What is required:
Everything from the line containing "Dirty Window 3 by Matthew Saba" through the final line below must be output exactly, both ends included, with nothing else and no pictures.

Available data:
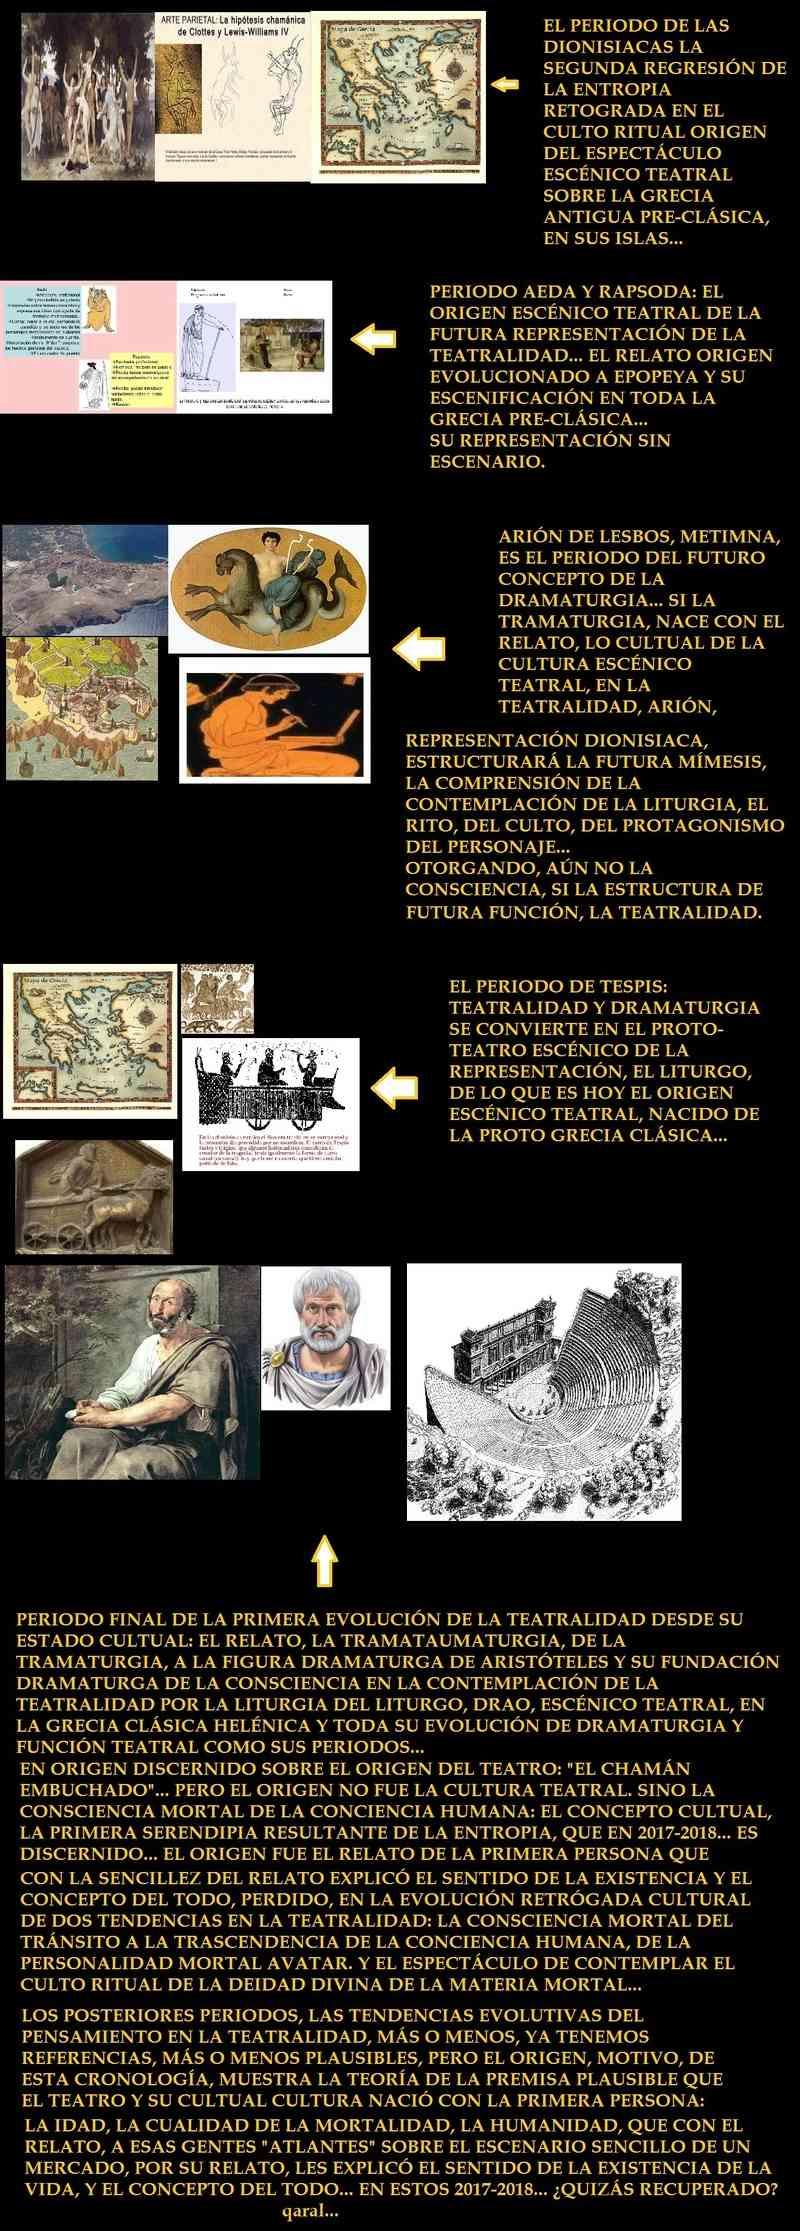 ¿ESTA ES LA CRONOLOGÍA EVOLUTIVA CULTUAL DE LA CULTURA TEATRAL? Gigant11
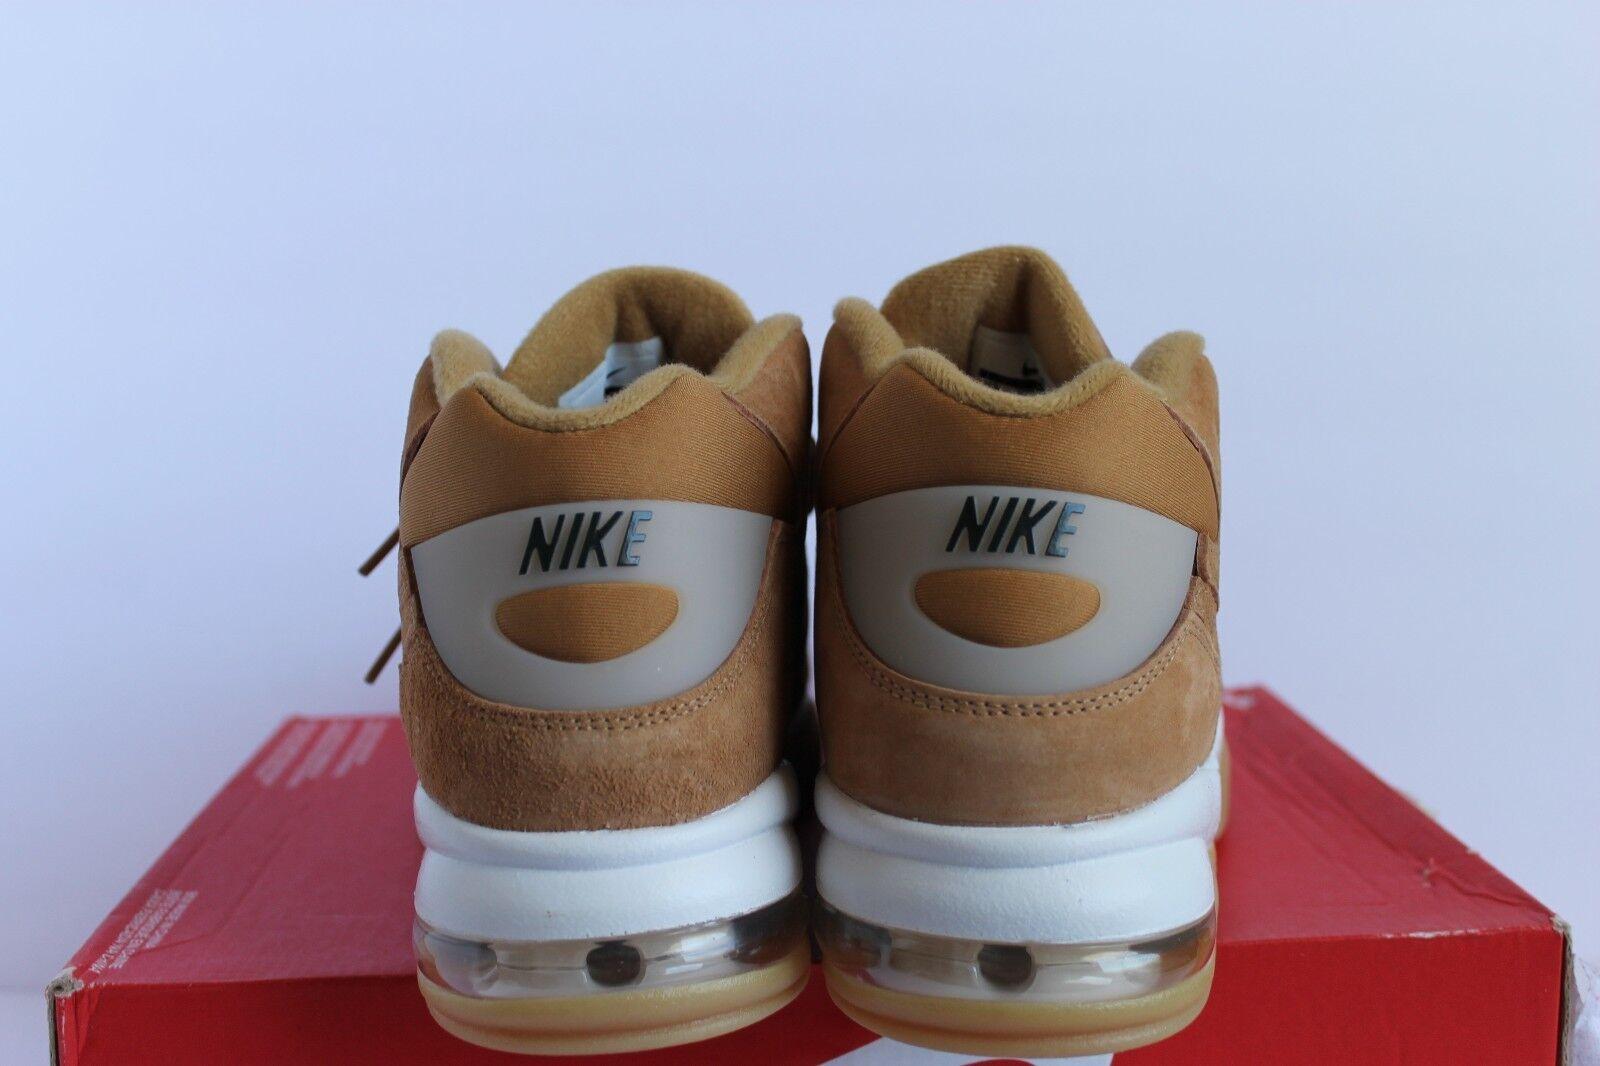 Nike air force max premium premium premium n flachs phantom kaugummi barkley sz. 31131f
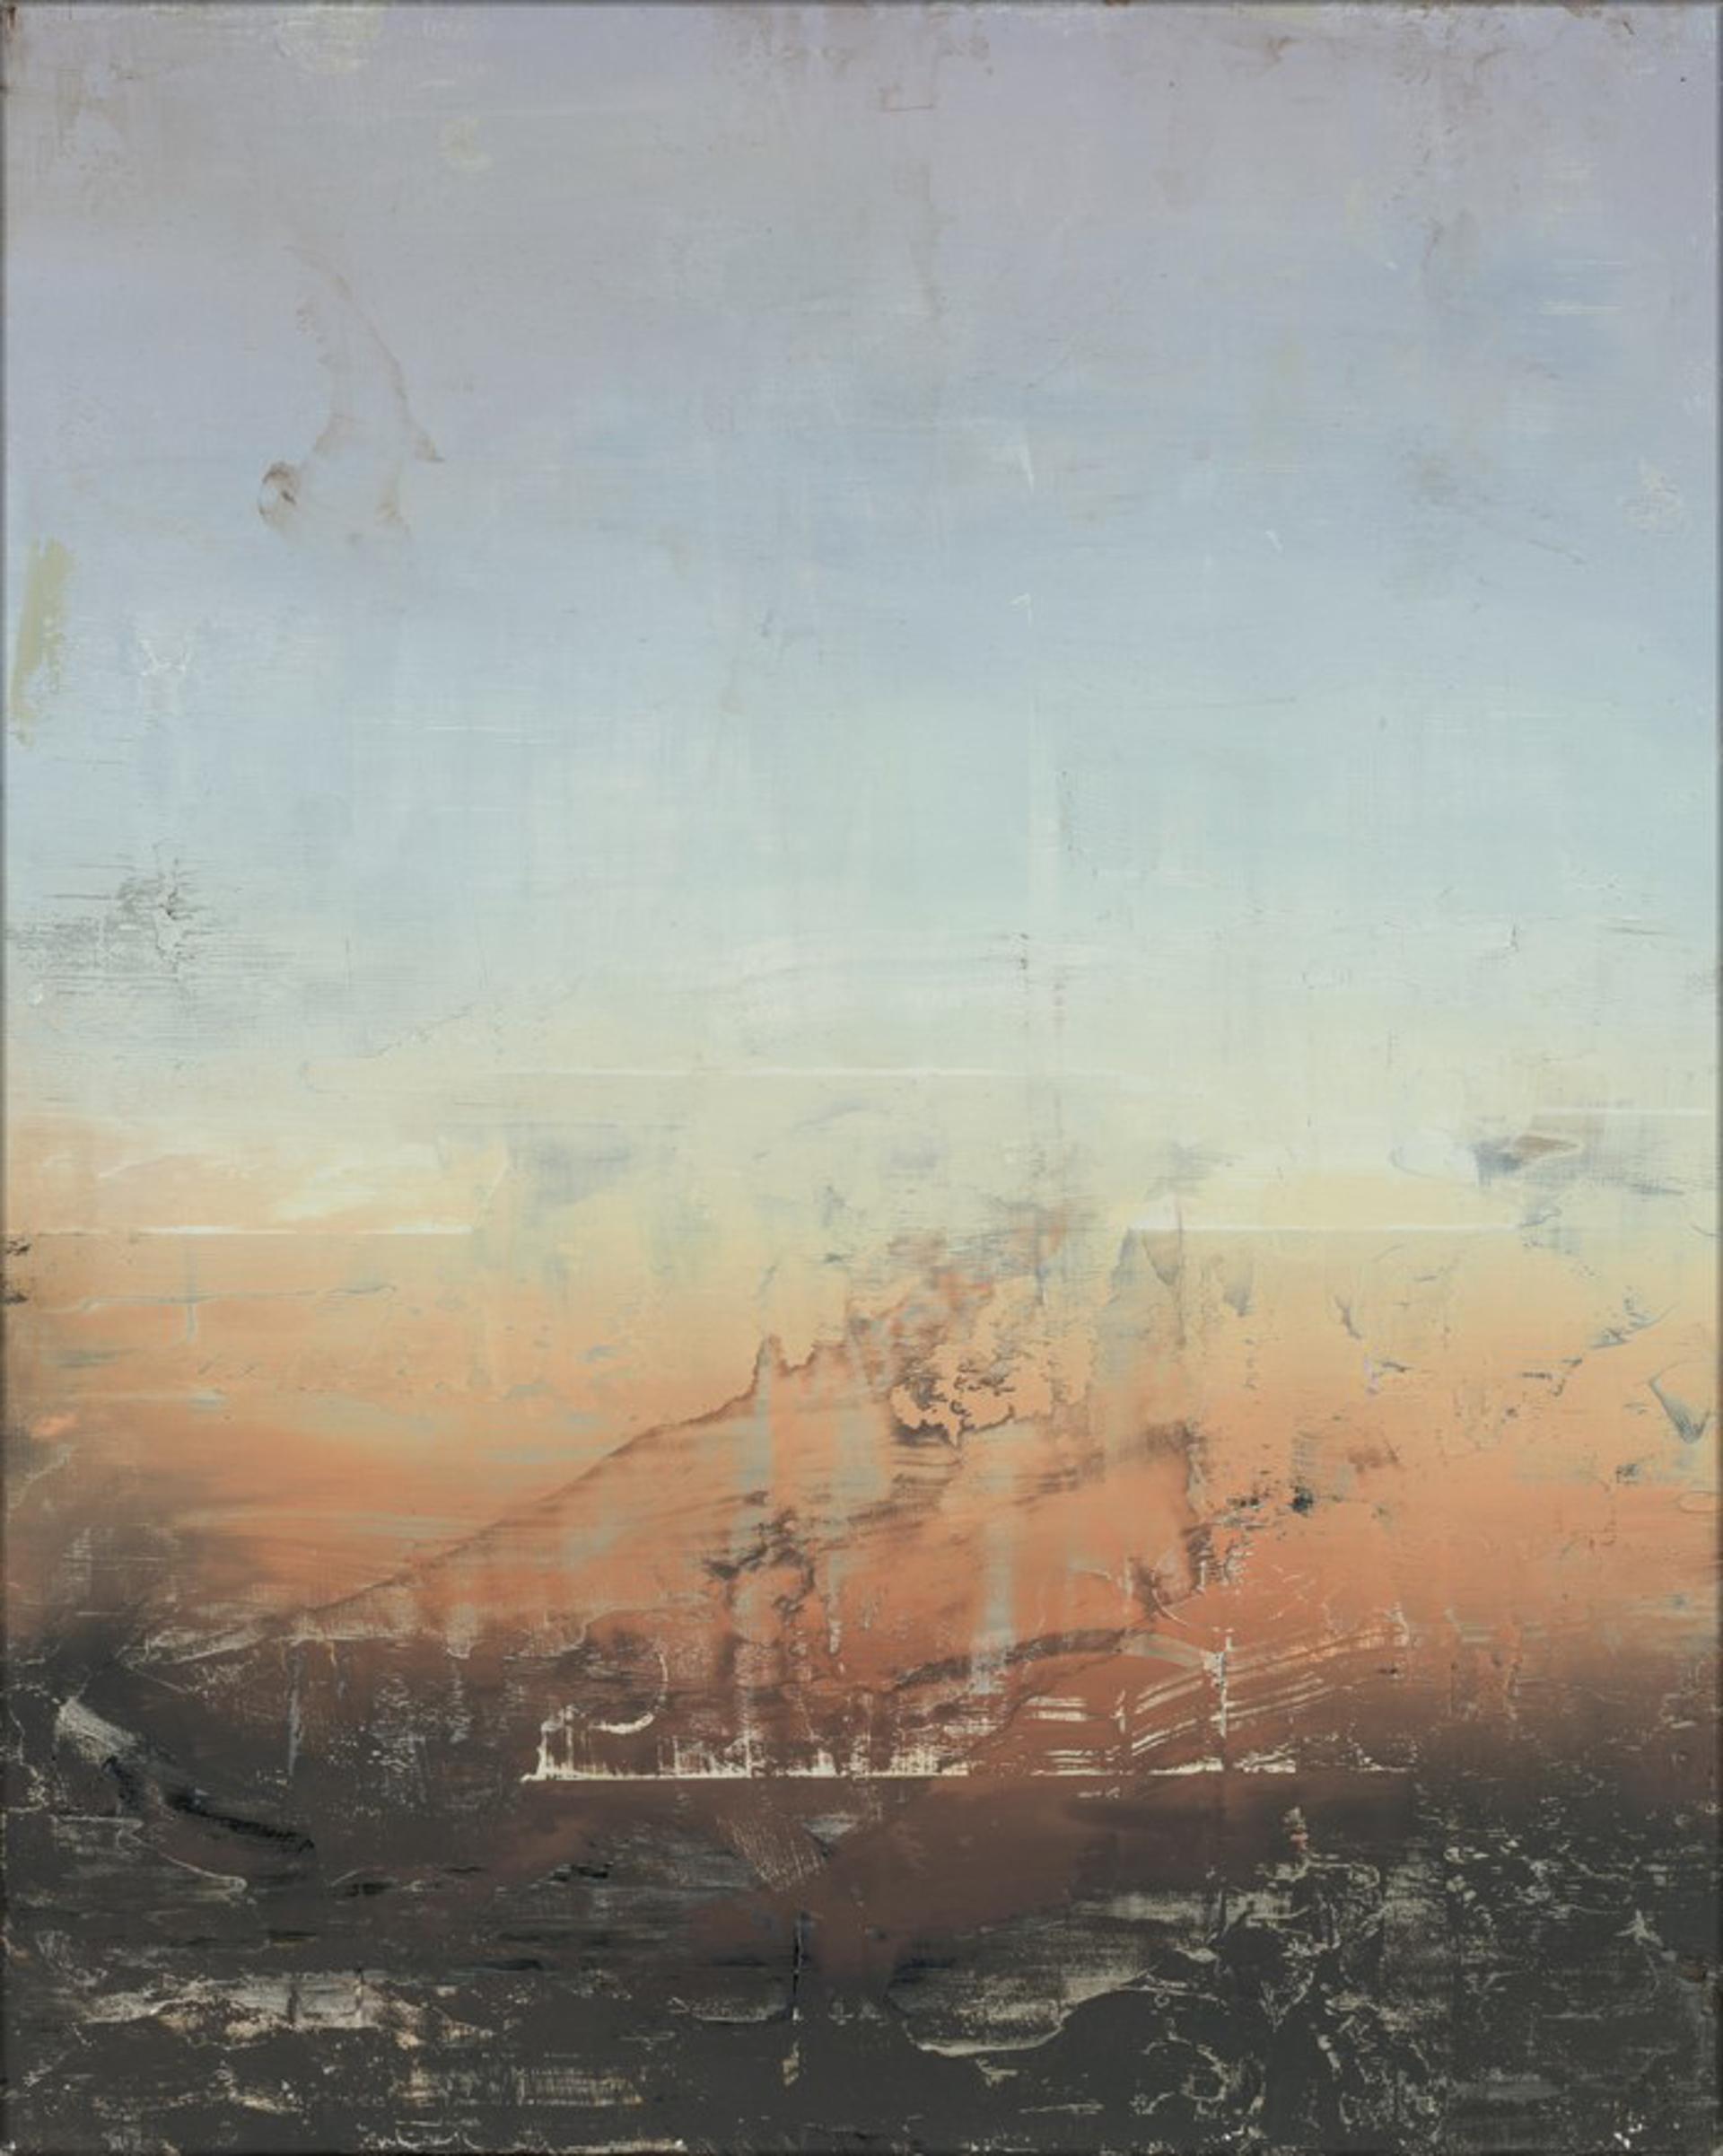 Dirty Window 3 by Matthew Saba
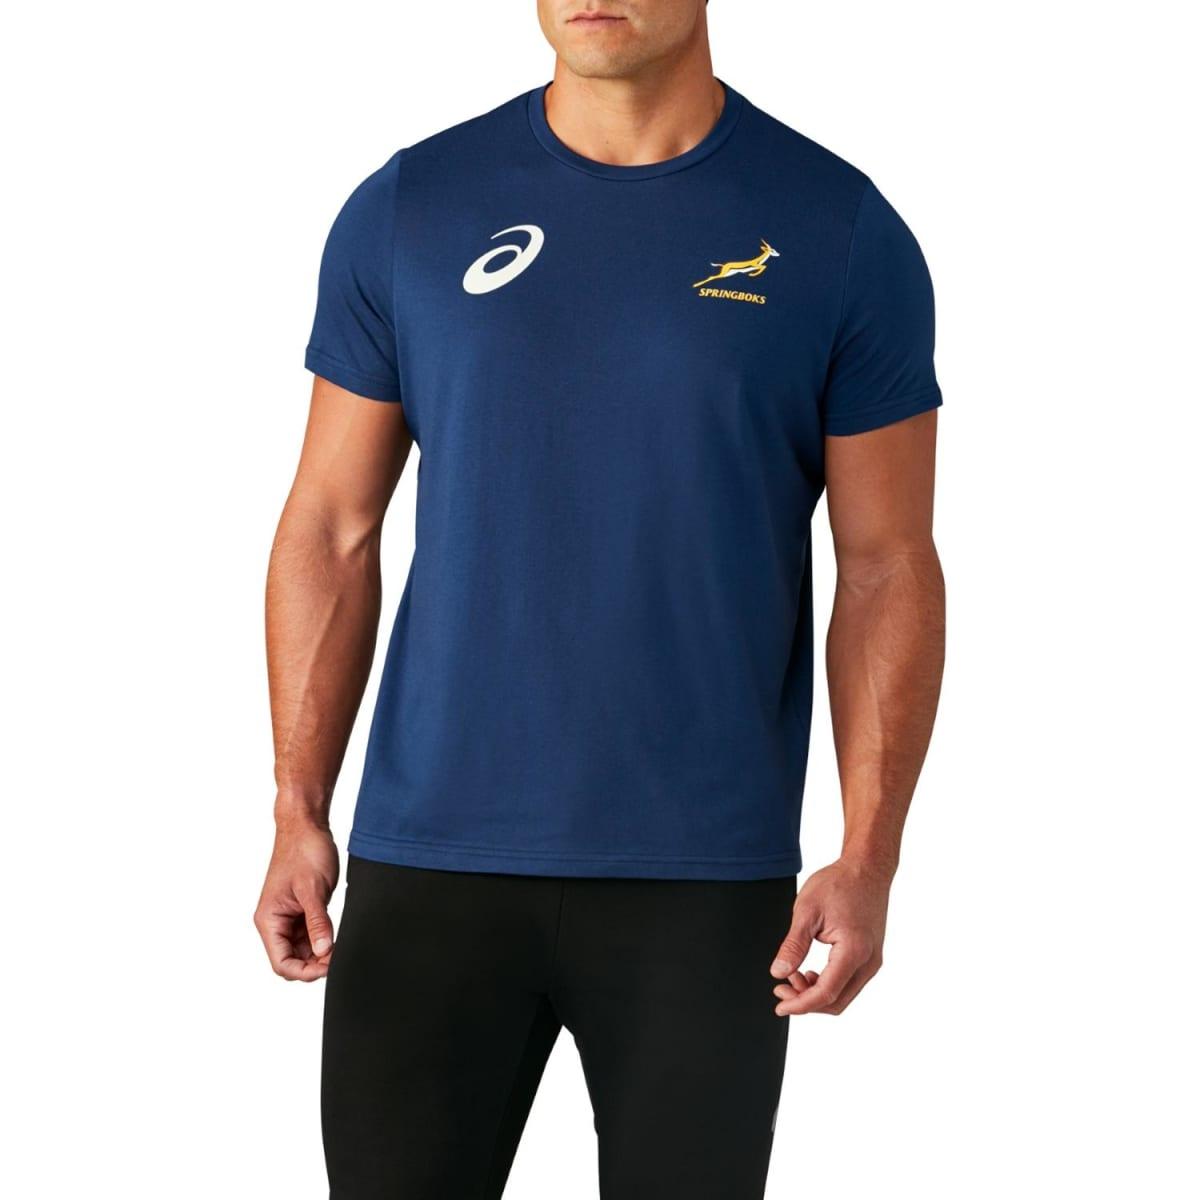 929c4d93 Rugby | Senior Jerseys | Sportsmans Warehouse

Written solution:
 Dirty Window 3 by Matthew Saba
 929c4d93 Rugby | Senior Jerseys | Sportsmans Warehouse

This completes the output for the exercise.